Néanmoins, les arguments mis en avant par les entreprises ne semblent pas convaincre tout le monde. C’est le cas des syndicats d’Ubisoft, qui pointent du doigt la remise en cause du télétravail, qui ne serait qu’un prétexte déguisé pour pousser les salariés à la démission. Selon eux, il n’est en aucun cas question de cohésion sociale, d’émulation collective ou de performance, mais simplement d’un moyen efficace pour réduire les effectifs à moindre coût.
Vers la fin du télétravail ?
Peut-on réellement s’attendre à la fin du télétravail en 2026 ? Pas vraiment. Certes, certaines entreprises affichent aujourd’hui plus de réserve, mais les retours au bureau à 100 % restent l’exception. La plupart des groupes qui révisent leur politique ne font en réalité que resserrer la marge de flexibilité : passer de trois à deux jours télétravaillés, autrement dit s’aligner sur la majorité.
Le télétravail s’impose donc toujours comme une norme, et surtout comme une attente forte des salariés. Près d’un tiers des Français (34 %) considèrent la flexibilité, qu’il s’agisse d’horaires aménagés ou de télétravail, comme une condition indispensable pour rester dans leur entreprise (étude Robert Half, 2025). Plus frappant encore : un quart déclare qu’il quitterait son poste si le télétravail disparaissait, et près d’un salarié sur cinq si celui-ci était limité.
Le fossé est donc clair : quand 88 % des employés souhaitent télétravailler autant ou davantage, les employeurs y voient encore, pour beaucoup, une concession née de la pandémie.
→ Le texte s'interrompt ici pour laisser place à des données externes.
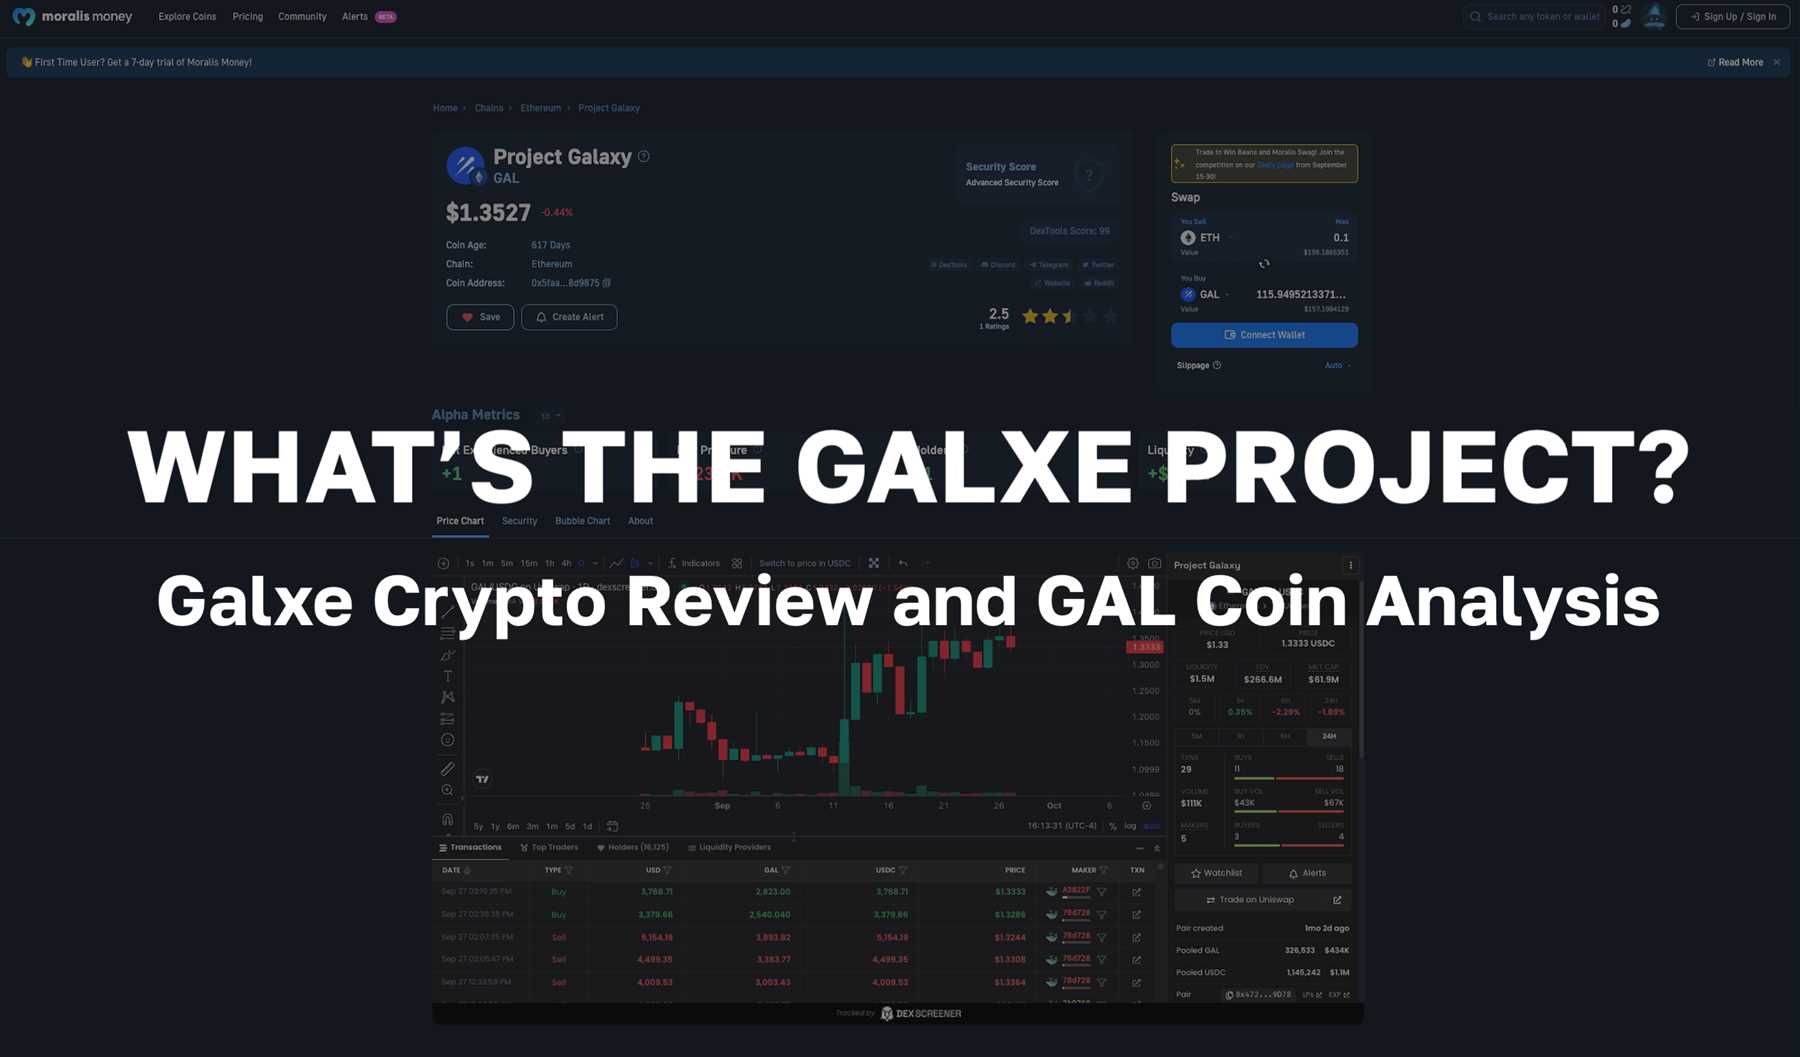 Why should you care about Dex Galxe (GAL)?

Or, pour les collaborateurs, le télétravail n’est plus une mesure d’urgence : c’est une autonomie conquise, et surtout un moyen tangible de mieux équilibrer vie professionnelle et vie personnelle.
RH : Comment gérer la flexibilité en entreprise ?
Pour les RH, l’enjeu n’est pas tant de trancher entre télétravail ou présence au bureau que d’orchestrer une flexibilité juste et lisible. Cela suppose de clarifier les règles à travers des accords ou chartes précises, tout en tenant compte de la diversité des métiers et des aspirations individuelles.
La clé réside dans l’équilibre : préserver la cohésion collective et la transmission des savoirs, sans renoncer à l’attractivité que représente le travail à distance pour les collaborateurs.
Les RH ont ainsi un rôle stratégique à jouer : accompagner les managers dans le pilotage hybride, investir dans des outils de collaboration adaptés, et instaurer un dialogue social transparent pour éviter que la flexibilité ne devienne une source de tension.
Plus que jamais, c’est sur leur capacité à créer des environnements de travail souples, inclusifs et performants que se jouera la fidélisation des talents en 2025 et au-delà.